A rectangular silk spread with richly embroidered silk decoration. In the centre of the spread is the double-headed eagle of the Habsburg Empire, surrounded by an elaborate tableau of flowers, wildlife, fowl and noble figures in hunting scenes, divided into four quarters. The whole is framed by a wide edge depicting fountains and a rich assortment of animals and mythical creatures. The double-headed Habsburg eagle is repeated at three of the corners, while the fourth bears the coat of arms of the bedspread’s recipient, the Duke of Ursel.
Conrad-Albert d’Ursel (1665-1738), Imperial Count of the Holy Roman Empire, Baron of Wesemael and Lord of Hingene, was elevated to Duke of Ursel by Emperor Charles VI in 1716, and to Duke of Hoboken in 1717. In 1726 he inherited the property of the extinct family branch of the counts of Grobbendonk. Through his marriage to princess Eleonore Christine Elisabeth von Salm-Neufville (1678-1737), the d’Ursel family also inherited the principauté d’Arches et de Charleville upon the death of her father, Charles Theodore Otto, Prince of Salm. Their descendants held the position of “Erfelijk Grootjagermeester en Opperhoutvester,” or Hereditary Grand Huntmaster and Chief Forester of the county of Flanders.

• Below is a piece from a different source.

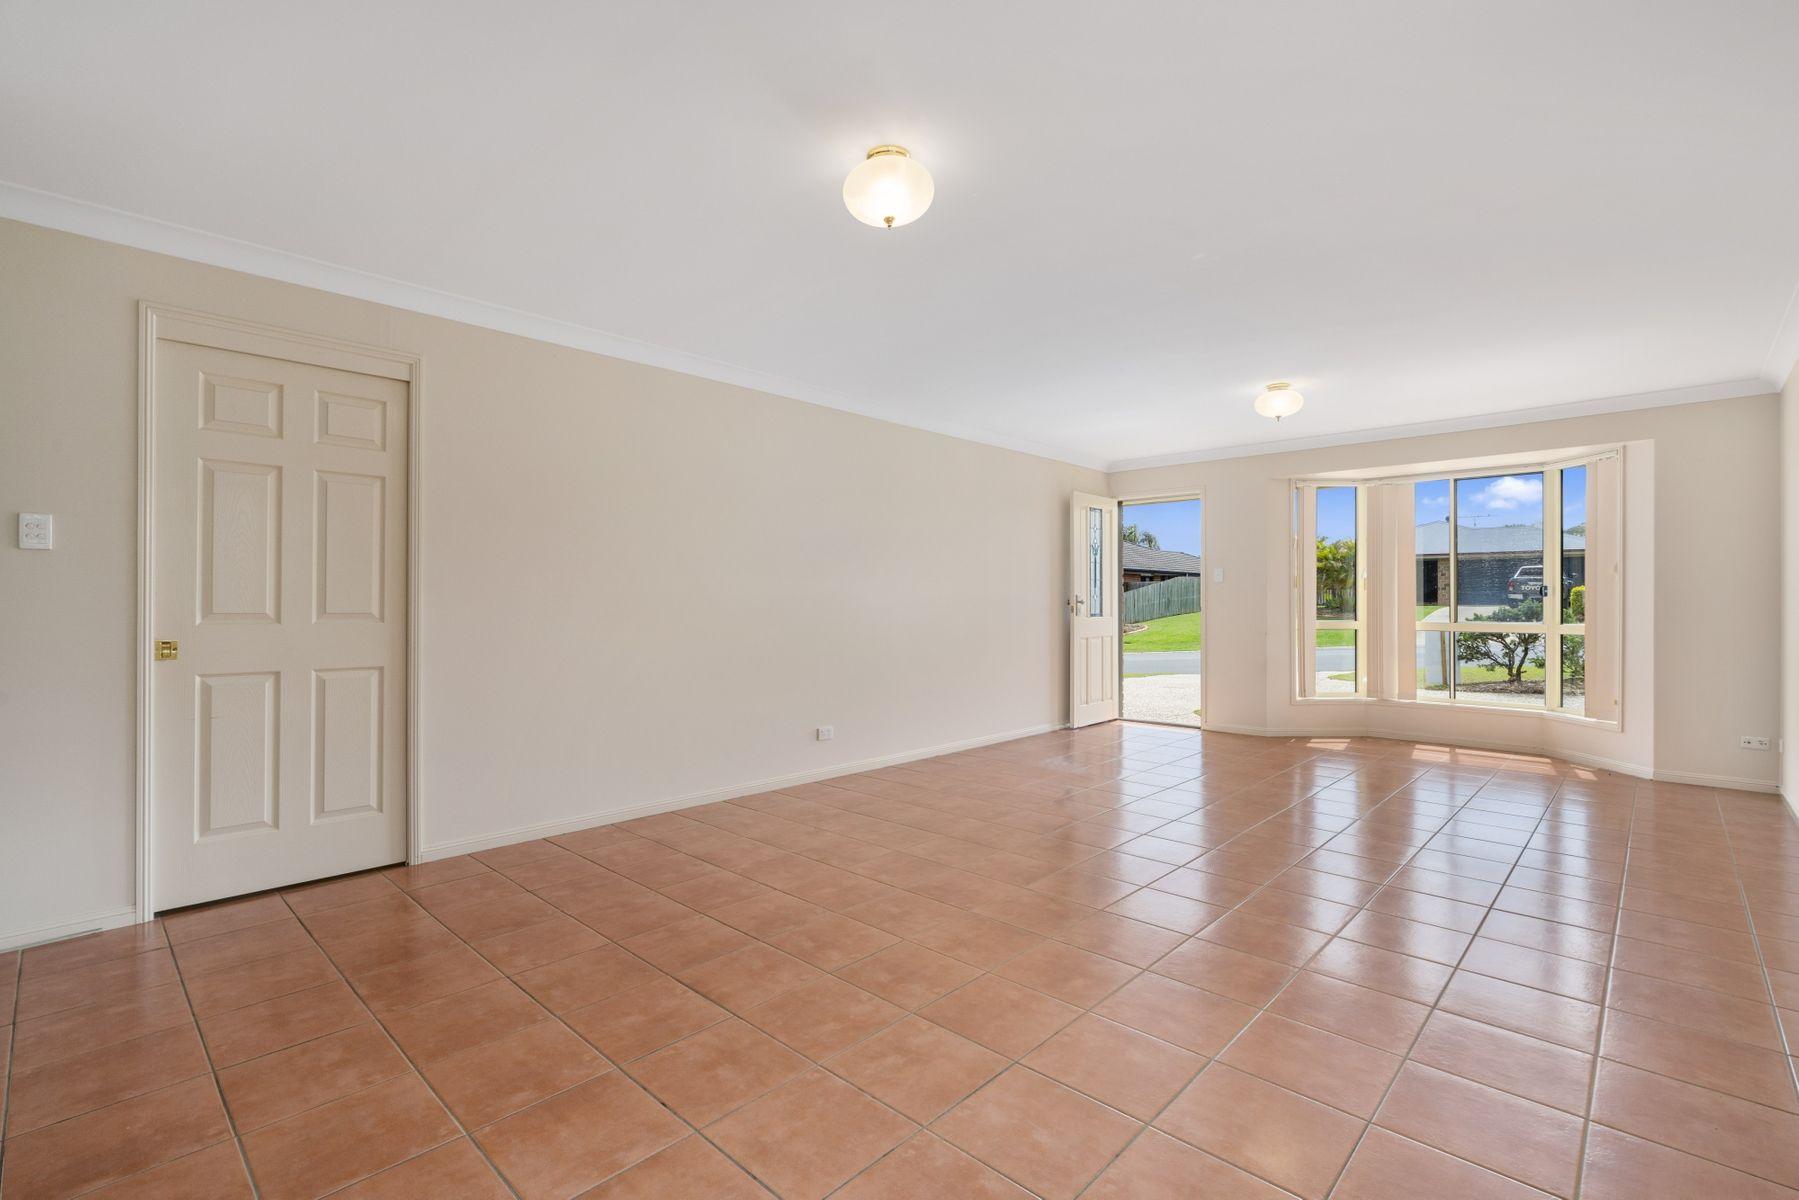 1/4 Jarad Street, Morayfield, QLD 4506

Chinese silk was highly valued in Europe for its quality and the vibrancy of its designs. Starting in the sixteenth century, Chinese silk workshops adjusted their production to suit the preferences and demands of the overseas European markets. With the European appetite for Asian goods in the seventeenth century, Chinese and Indian textiles became a popular expression of refinement and taste.
In Europe, the trade in finished Chinese silk was relatively modest: the greatest part of silk imports consisted of raw silk intended for the luxury market. Finished luxury silk products such as this commissioned bedspread are rare.
The elaborate iconography around the theme of hunting relates to the title of Hereditary Grand Huntmaster and Chief Forester of Flanders, which the family already bore in the seventeenth century. Due to the combination of the embroidery’s stylistic elements, the iconography and the coats of arms of both Emperor Charles VI and the Duke of Ursel, it is fairly certain that the bedspread dates from the year in which Conrad-Albert d’Ursel was elevated to the peerage as a duke by Emperor Charles VI. However, whether the bedspread was a gift or a piece commissioned by the new Duke himself cannot be determined.